Goat Island Residents Not Sheepish About Protecting Their Land From Development

Unique partnership keeps condos off a pristine South Carolina island.

Viewed from the posh stucco homes on the shoreline northeast of Charleston, S.C., Goat Island doesn't look like much - a mere a tangle of treetops and marsh grass.

Close up, however, it becomes an almost magical place of giant fern forests and beckoning oak groves. Rare wood storks fly overhead. Its only "road" is a winding footpath covered over in places with head-high weeds.

It even has a strange, haunting history: A man brought his mentally ailing wife to the island and together they raised goats, never venturing from their aboriginal world.

But if Goat Island has a flaw, it would be its place in the world. Only a three-mile boat ride separates the island from civilization.

Following hurricane Hugo in 1989, the Charleston area experienced a growth spurt that threatened to include the isle. The five families who live here year-round (plus 60 other vacation residents) worried that the backside of their island would be purchased and condominiums would rise where towering palms now stand.

"There were all kinds of things that could have been done with the property," says Joe Tucker, a longtime vacation homeowner. "But it's the seclusion, that's what interested me."

To save their slice of paradise, Goat Islanders turned to a rare variation on an increasingly popular conservation plan: easements.

A conservation easement is an agreement usually signed by a land owner with a municipality or a nonprofit land-trust organization, in which the owner promises not to develop specified property. The land must have some kind of scenic or environmental benefit to the community. In exchange, the land owner receives a tax break.

The twist in Goat Island's case is that there will be some 60 land owners - not one - who've promised to keep their piece of land in the same, natural state it was when they bought it. The plan specifies that everyone who owns a home or piece of property on the south side of the island is entitled to the adjacent property on the uninhabited north side. Owners pay an average of $350 for each lot - basically to cover the costs of surveying the property.

Goat Island residents have embraced the plan - all but three lots have been sold - since it was hatched three years ago by Mr. Tucker, an architect. In exchange for permission to buy a piece of land on the island for a new vacation home, Tucker set up the easement plan.

Land conservationists say the Goat Island arrangement is a sign of the times. To battle unchecked sprawl, communities from Portland, Ore., to Poughkeepsie, N.Y., are taking similar steps to preserve their open spaces.
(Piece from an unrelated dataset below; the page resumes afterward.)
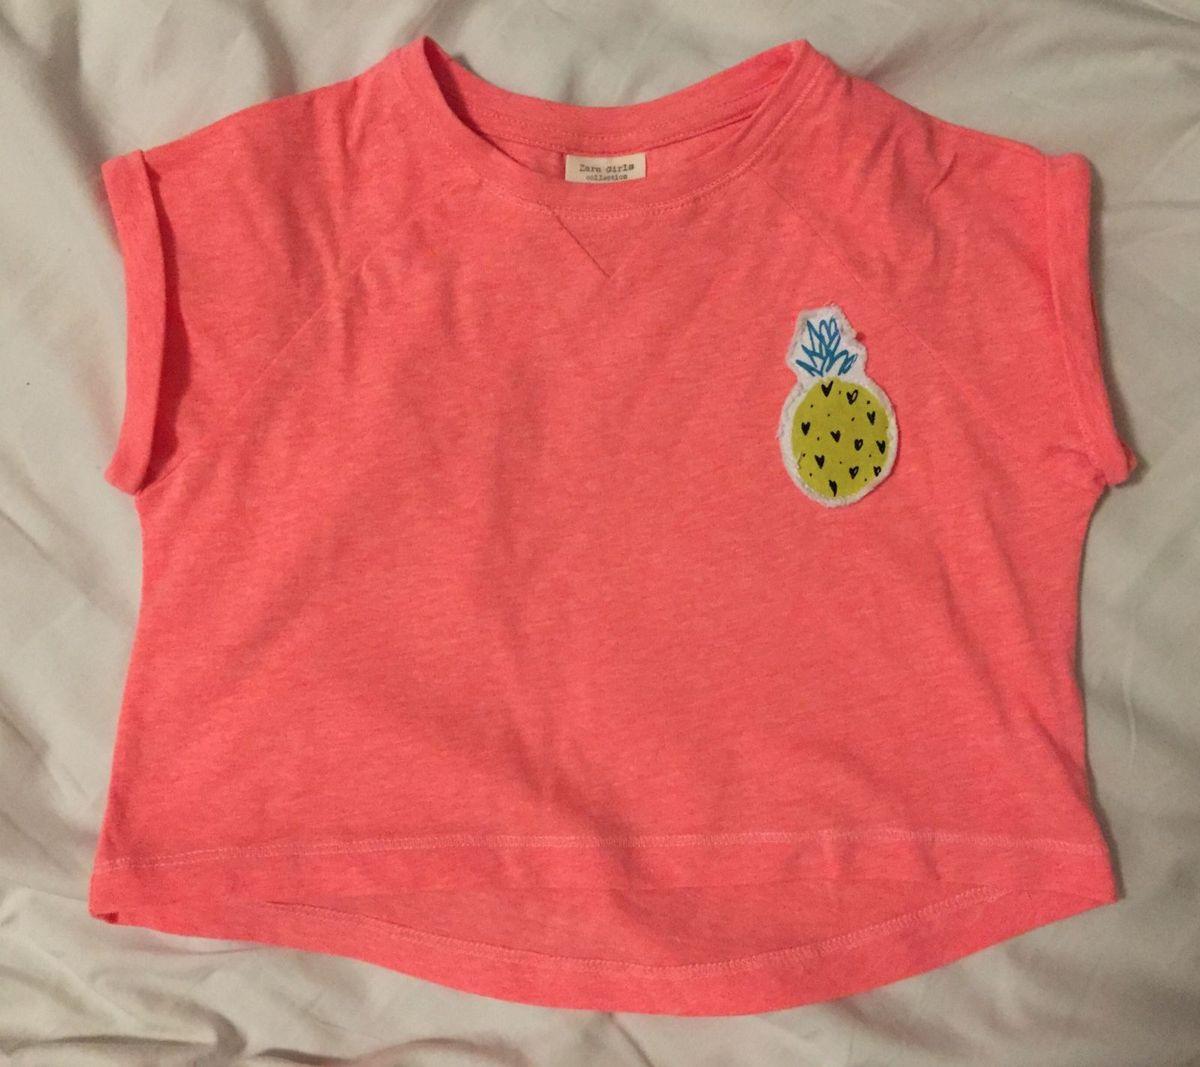 c109a579ff68 Blusa Cropped Infantil Rosa-neon Zara Tam 4 | Roupa Infantil para ...
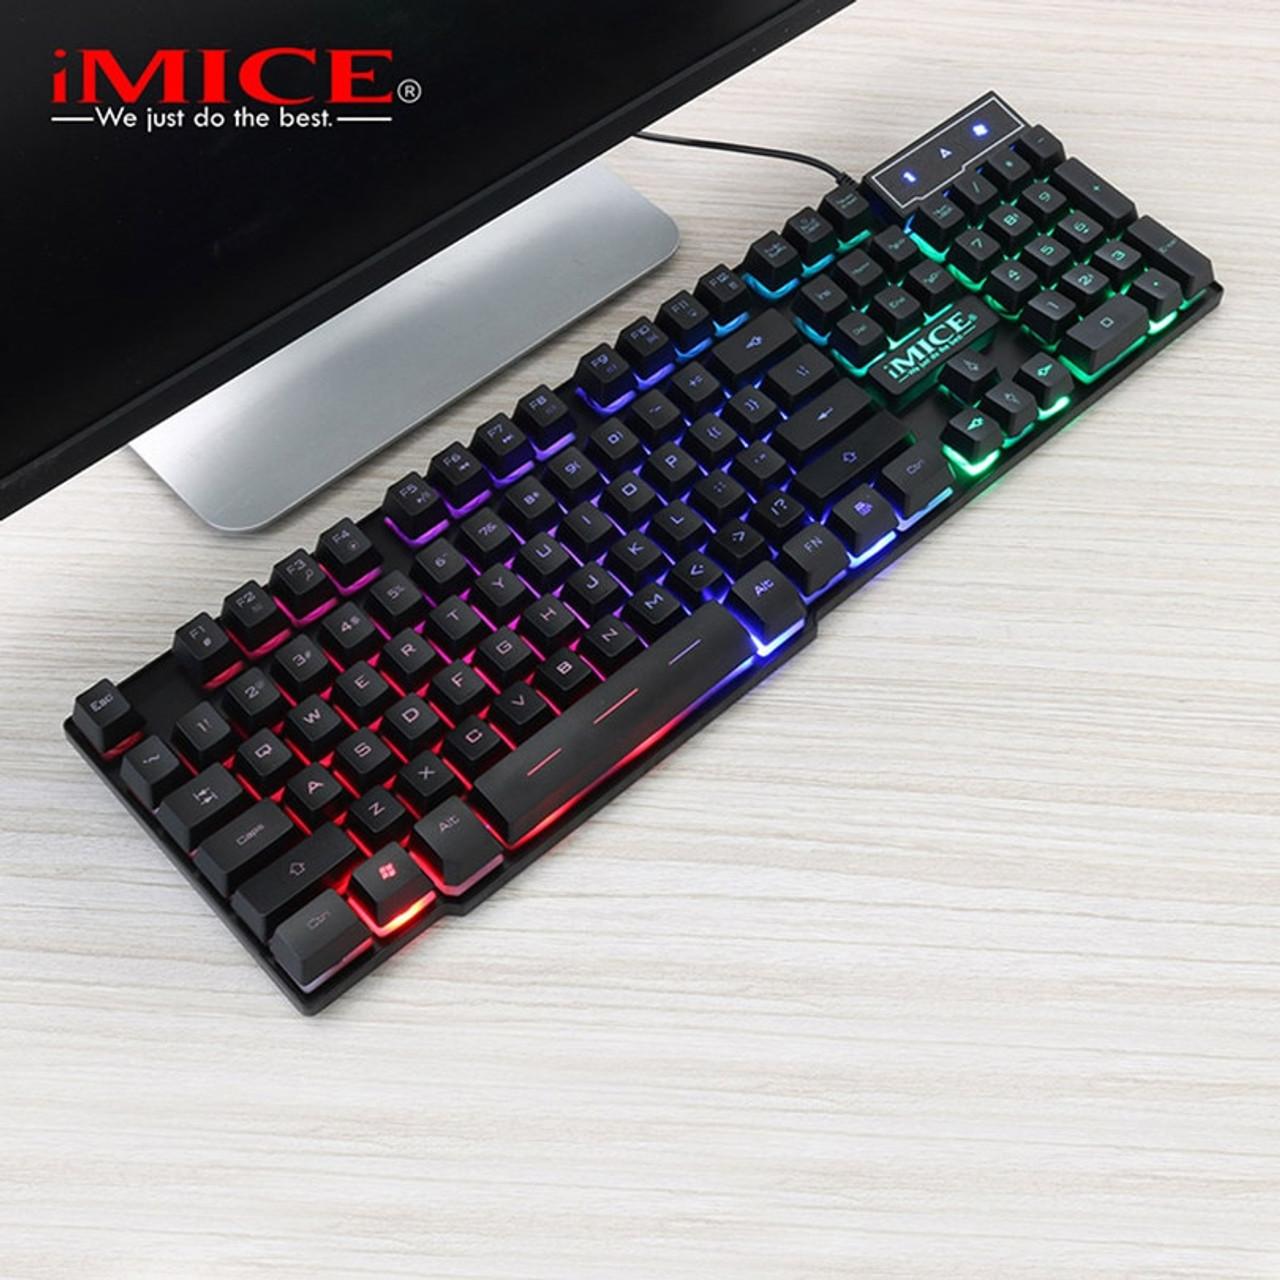 43ec13d8a88 ... Wired Gaming Keyboard Mechanical Feeling Backlit Keyboards USB 104  Keycaps Russian Keyboard Waterproof Computer Game Keyboards ...

"There are two key forces pushing this," says Andy Zepp at the Land Trust Alliance in Washington, D.C. "The continued development around the country ... and at the same time a growing awareness of conservation easements as a useful tool."

The early conservationists - such as the wealthy who wanted to preserve a family estate and, more recently, the farmer signing on to an easement to cut taxes on his farmland - are now being joined by neighborhood and community groups that form to arrange easements or buy up green spaces, experts say.

Other examples include neighbors in Great Falls, Md., who are crusading to keep an old family farm from being sold to developers. The Village of Plainsfield, Ill., south of Chicago, formed a fund-raising group to help their county buy land for nature trails instead of condominiums.

The Tucker family admits that selfishness on their part is at least partly what motivated them to preserve the island. But they also insist a greater good is being served. "There are not many more places like this anymore, that haven't been all built up," says Sally Tucker, Joe's wife. "This is a place for dreaming. It's like our little paradise."